American-born Gauntner is the only non-Japanese certified Master of Sake Tasting in the world. He says drinkers should be feel emboldened to experiment with drinking sake alongside a range of different cuisines, not just Japanese.


"I think that when people overseas want to look into how to pair sake and food, they always say, 'Well, how do they do it in Japan?'," he says. "They're afraid to violate any perceived authenticity. I think that stops people a lot. And the truth is, there really is no authentic way to do it, so violate away!"

Gauntner says Japanese restaurants have never traditionally offered patrons a choice of sakes, as is the European approach with wine service.

"Even today, when you go to a traditional tempura restaurant or a sushi restaurant, for example, they'll have one sake, maybe two," he says.

"They say in Japan that good sake supports good Japanese food.
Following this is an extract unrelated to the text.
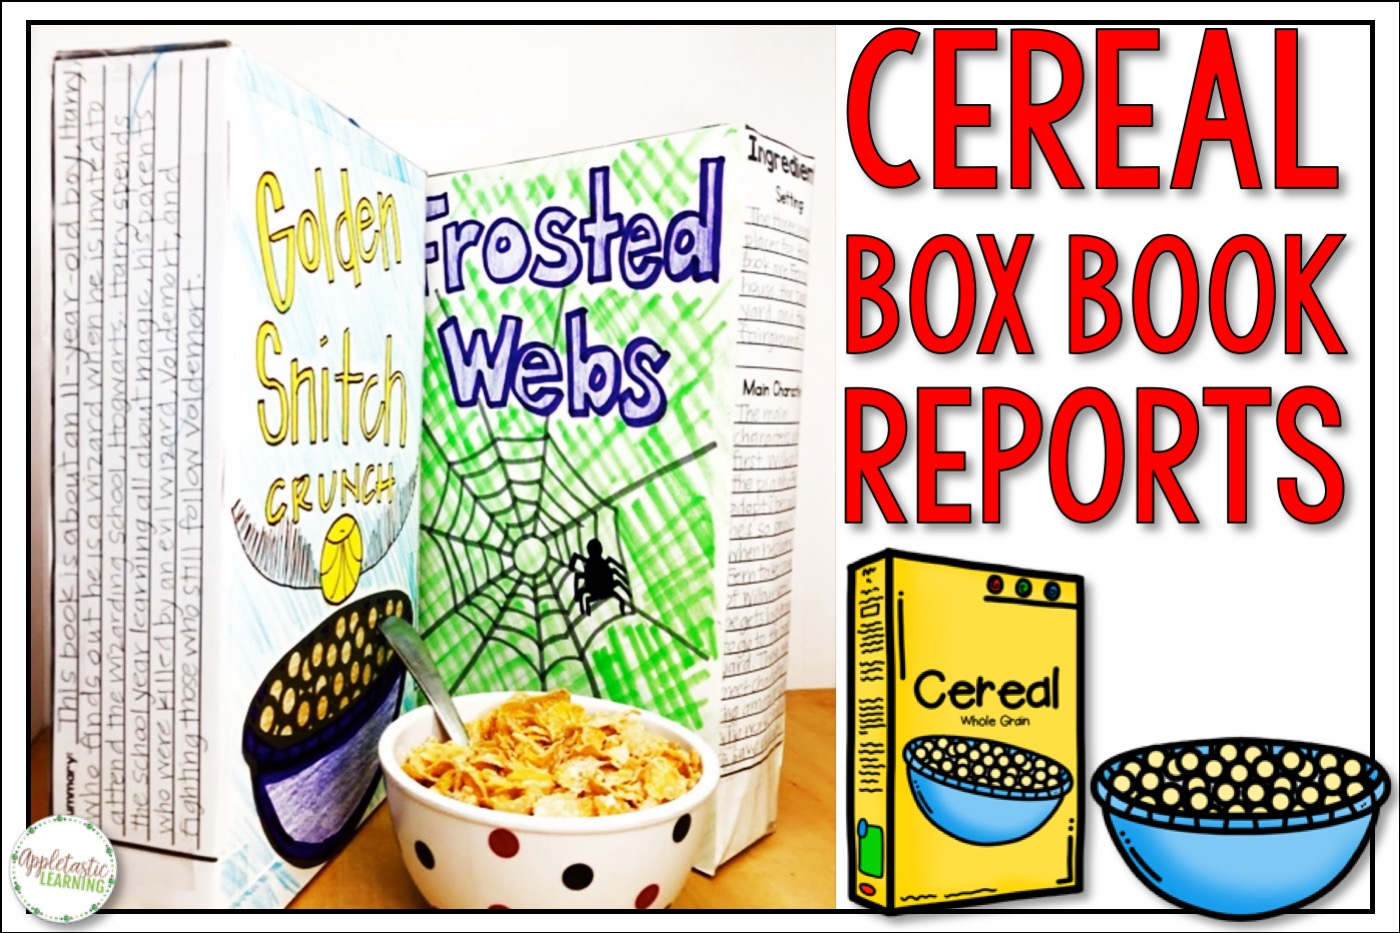 Cereal Box Book Reports - A Fun Alternative! - Appletastic Learning Regarding Cereal Box Book Report Template

If you look at what makes Japanese food what it is, it's bringing out the natural flavours of the raw materials – they don't use heavy sauces or long, convoluted preparations.
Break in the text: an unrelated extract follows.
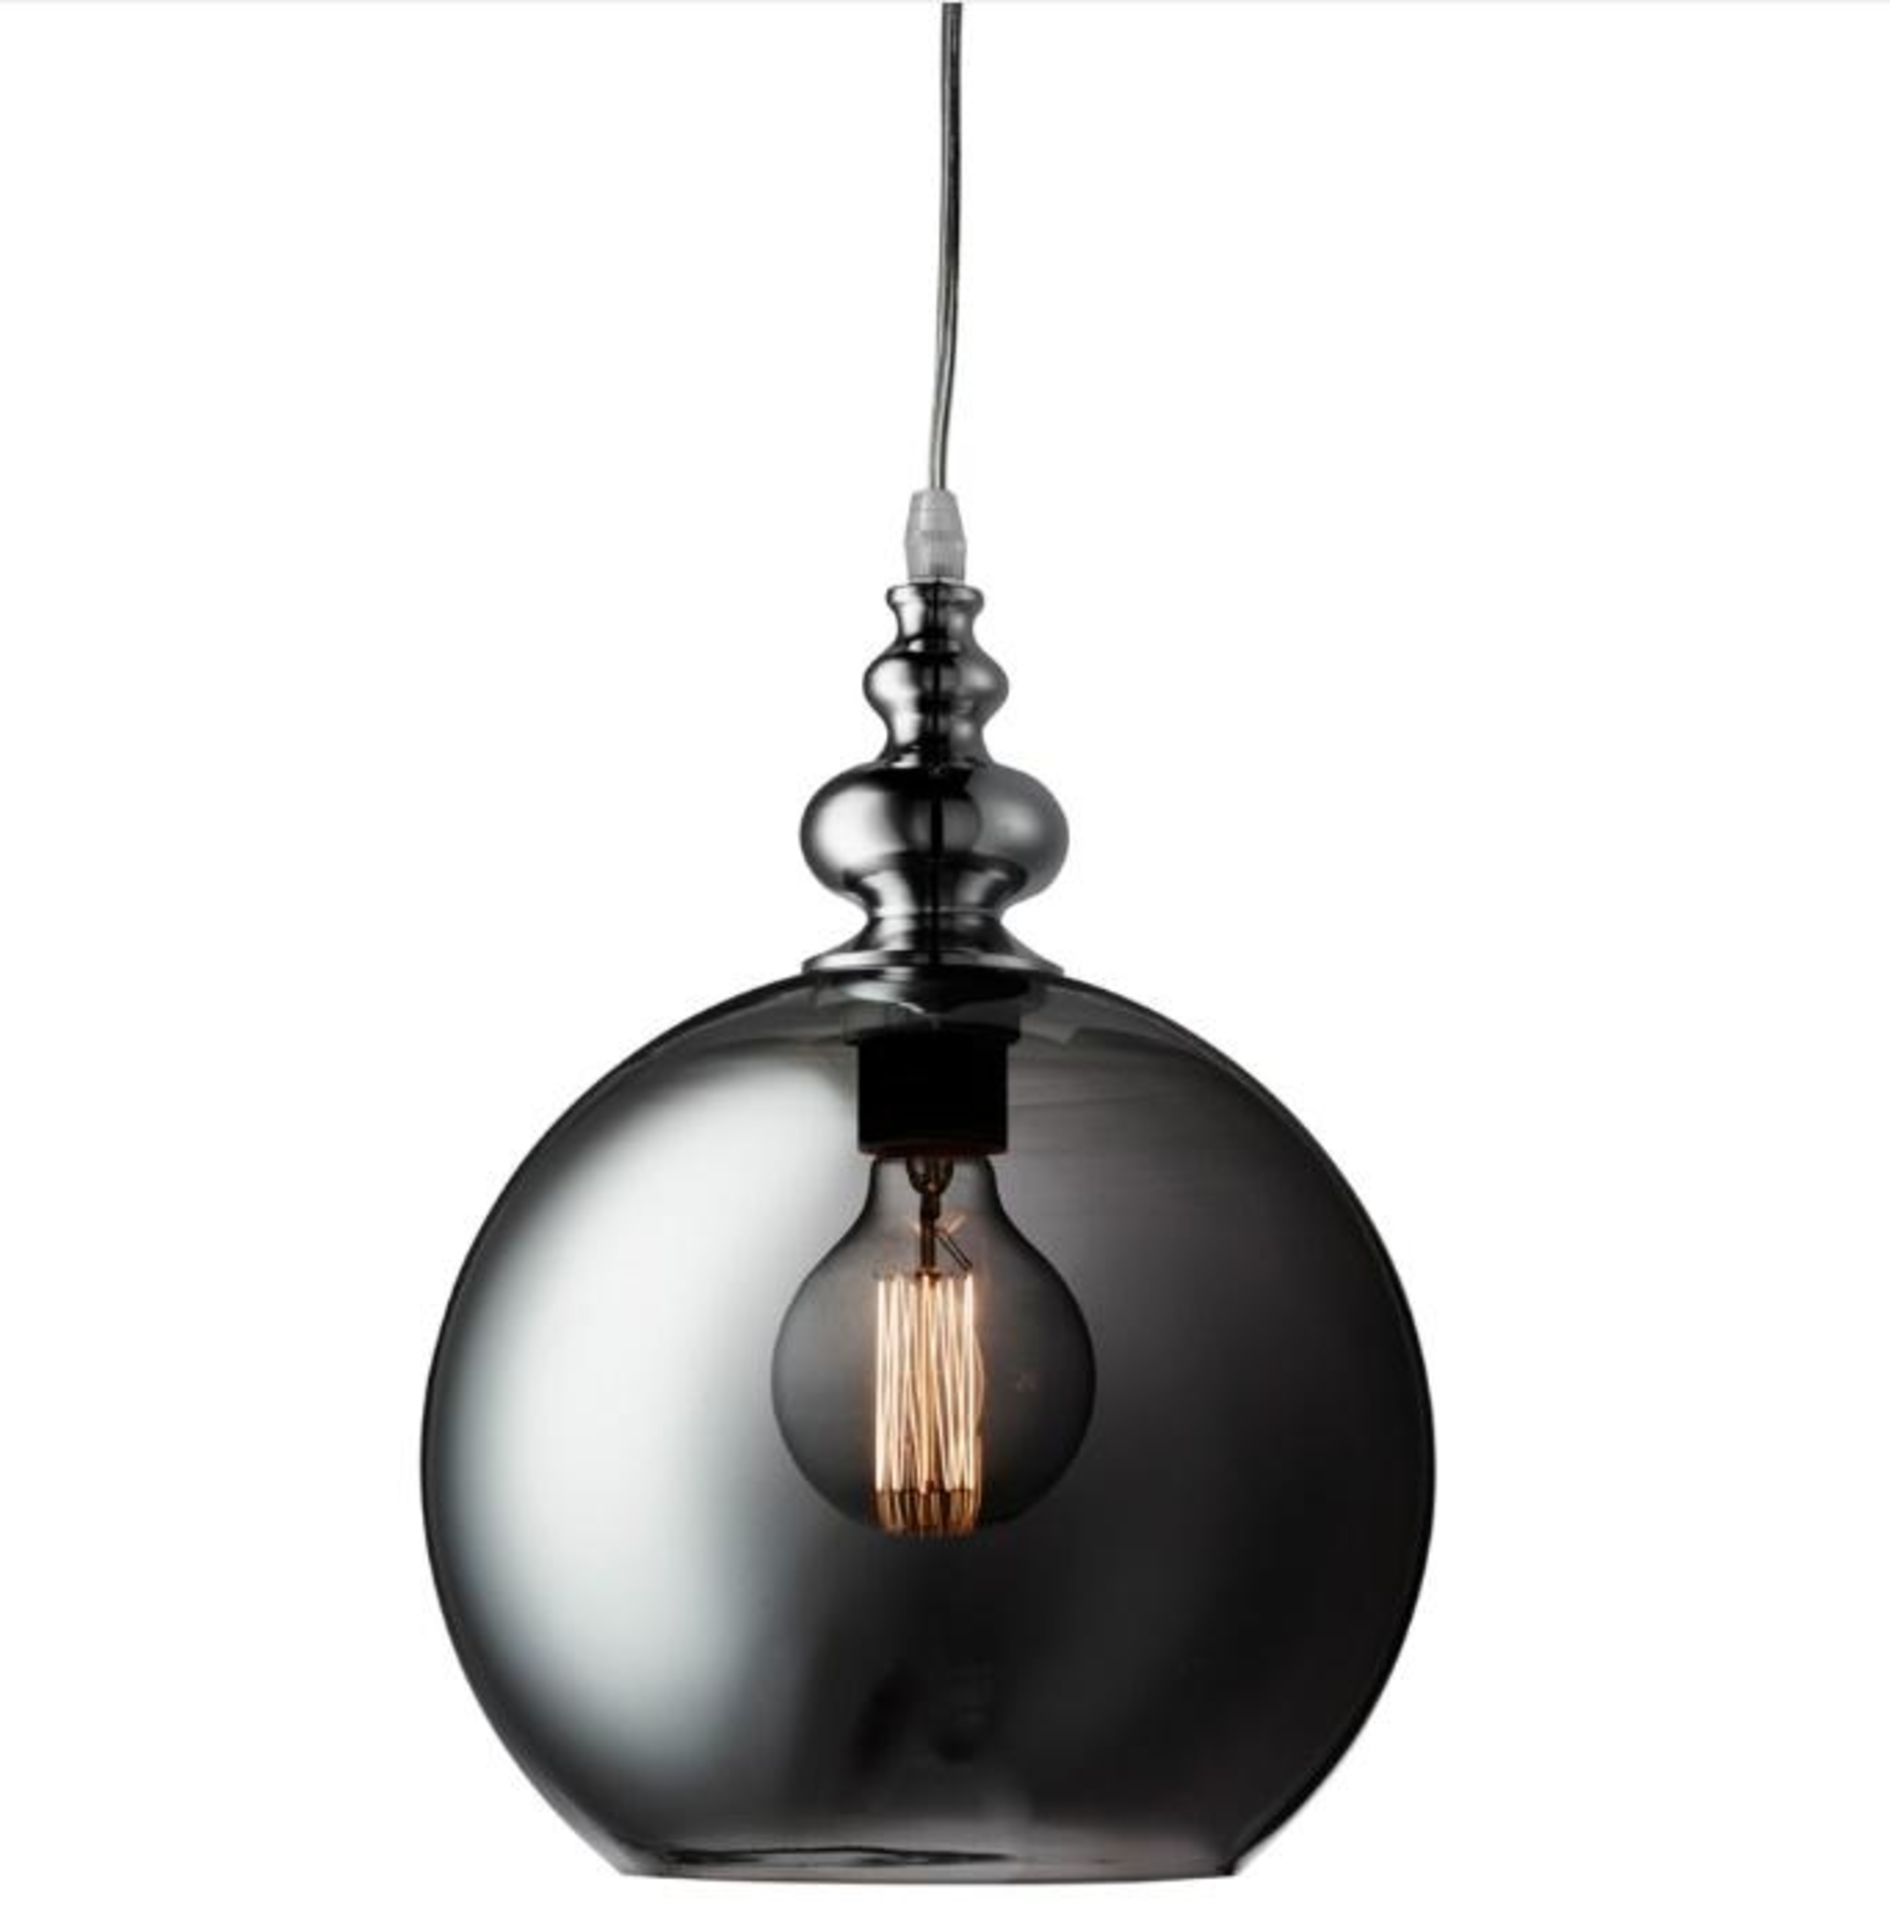 2 x Indiana Chrome Globe Pendant Light With Smokey Glass Glade - Ex Display Stock - CL323 - Ref: 202

"And that's what sake does a great job of supporting. It underpins or supports the natural flavours of any raw materials that you use."

As for the best way to serve sake in the home, a white wine glass will do a fine job of funnelling aromas.
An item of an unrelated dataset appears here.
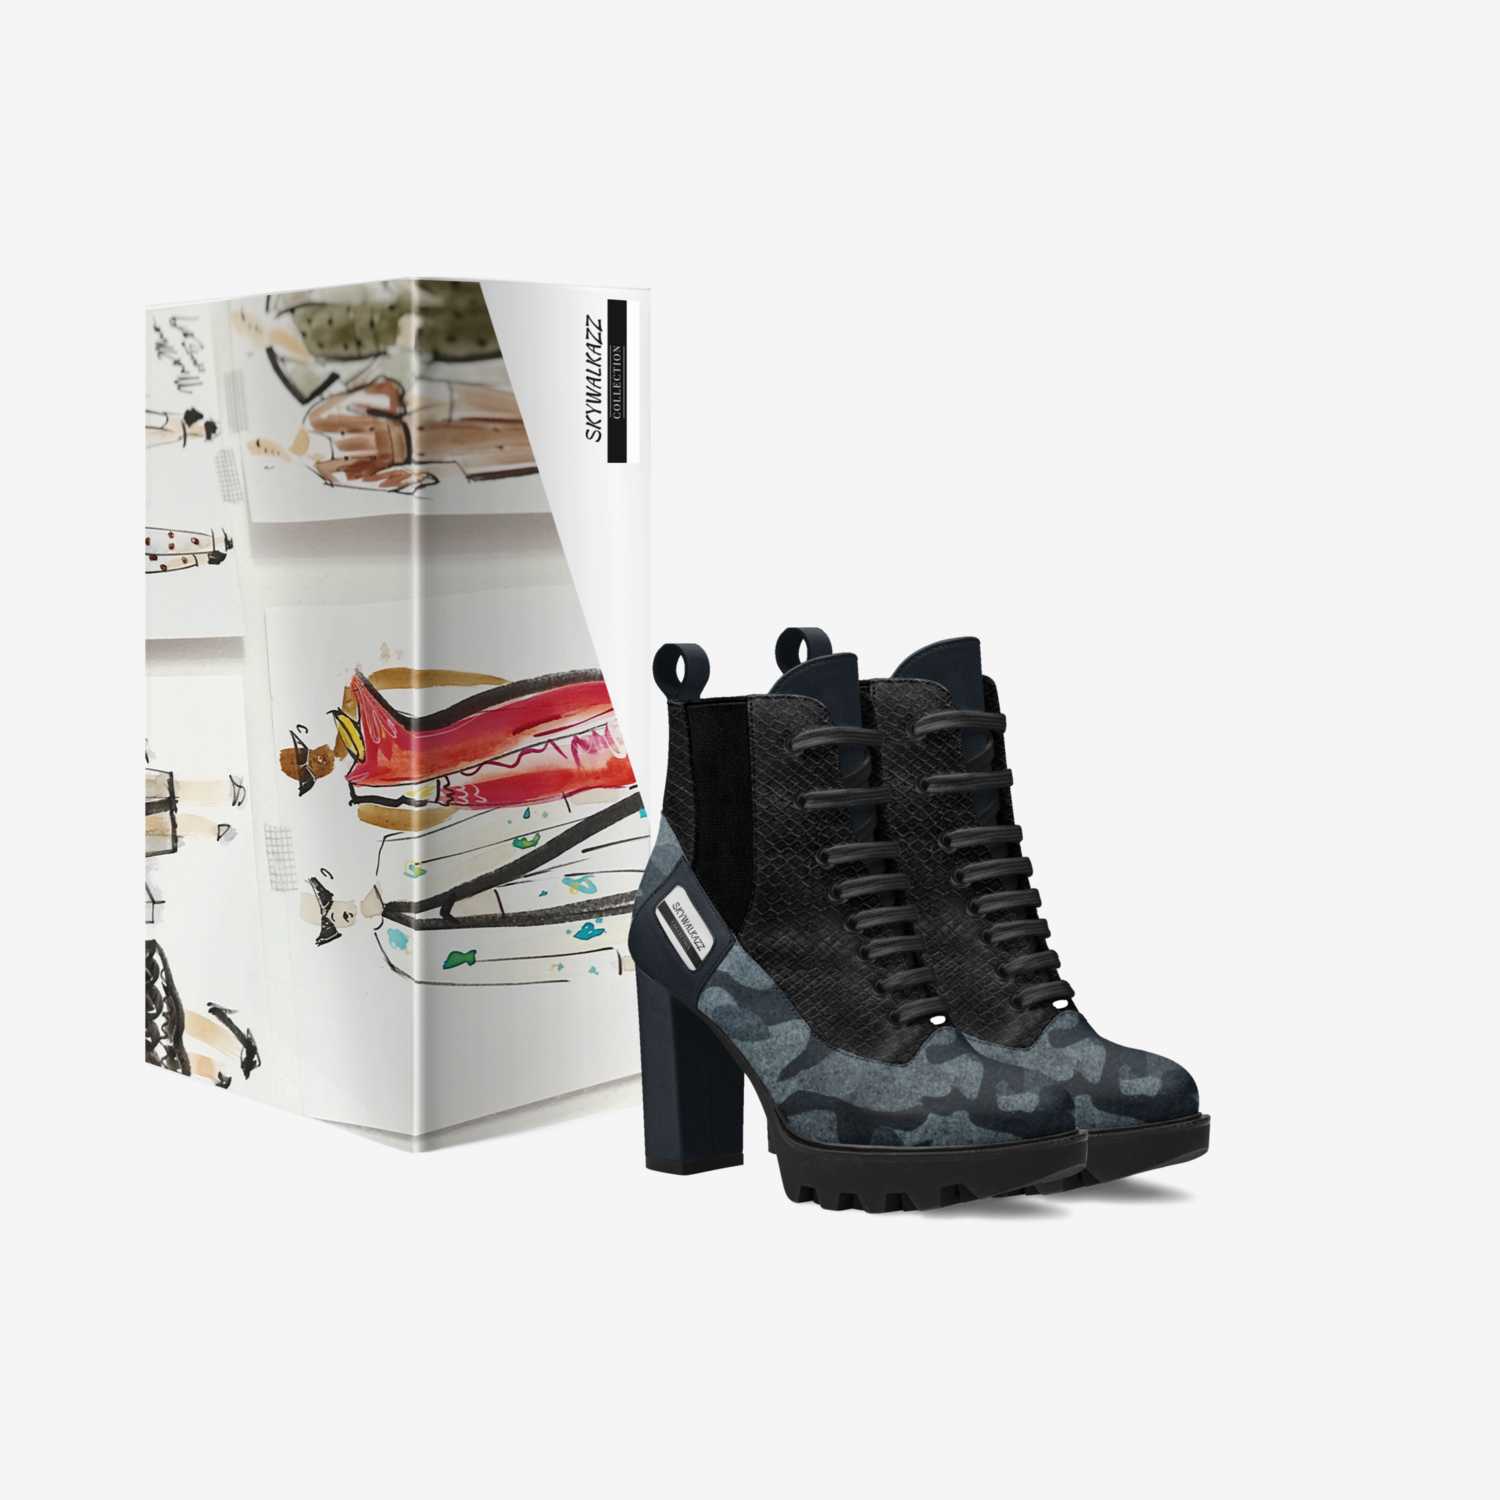 Bozz custom made in Italy shoes by Cordarius Gatlin | Box view

The traditional service from a flask (tokkuri) into a small thimble-shaped cup (o-choko) is a fun and important part of the sake ritual in Japan, but a wine glass does a much better job of showcasing the liquid.

Traditional sakes are richer and fuller in style because they are made using lesser polished rice (non-Ginjo grade sake). As such they are best suited to serving gently warmed (not hot!). But styles and traditions are changing. Highly polished Ginjo grades are generally lighter and more delicate in style, and typically lend themselves to being served chilled, though some will work either way. Gently warming a sake can showcase its full complexity, bringing different flavour characters to the fore.

Japanese sake festival Sake Matsuri is returning to Melbourne on June 8 and Sydney on October 19. It's the best way to taste a wide range of sakes in the one place and learn from the experts. 

In the meantime, here are some distinctive sakes available to buy online, with suggestions on how to enjoy them.

Five to try

Kaze No Mori Akitsuho Junmai 720ml, Nara Prefecture

The character of the rice shines through the fresh, fruit-driven characters of this nama (unpasteurised) sake, sweet in style with a lovely long finish. Store refrigerated to prevent spoilage.

Food match Seafood dumplings.

Available, $38.95.

Senkin Classic Muku Junmai Daiginjo 720ml, Tochigi Prefecture

Showcasing the estate or domaine approach to sake production, Senkin uses rice grown in fields surrounding the brewery and irrigated by the same water source used in the brewing process. A light and delicate, yet complex sake, carrying an array of tropical nutty, earthy and characters with a lovely dry finish.

Food match Fried chicken

Available (coming soon), $75.

Nagaragawa Junmai 720ml, Gifu Prefecture

A very traditional style sake, mouth-coating and rich with loads of umami flavours, but eminently drinkable. Very enjoyable cold, but serve moderately warm to unlock its full character.

Food match Miso cod.

Available, $29.95.

Kenbishi Kuromatsu 900ml, Hyogo Prefecture

A blend of one to four year-old sakes, fermented using wild yeast. The result is an exceedingly complex and rich sake that is very versatile with food, and lends itself to being served warm.

Food match Washed rind cheese.

Available, $69.

Imada Fukucho Junmai Ginjo Biho 720ml, Hiroshima Prefecture

A very modern style, lean and aromatic with vibrant acidity. It's made with Hiroshima's famous soft water, which gives it deep, persistent flavour.

Food match Char-grilled prawns.

Available, ​$54.38.

James Atkinson was a guest of the Japanese Sake & Shochu Brewers Association in Japan.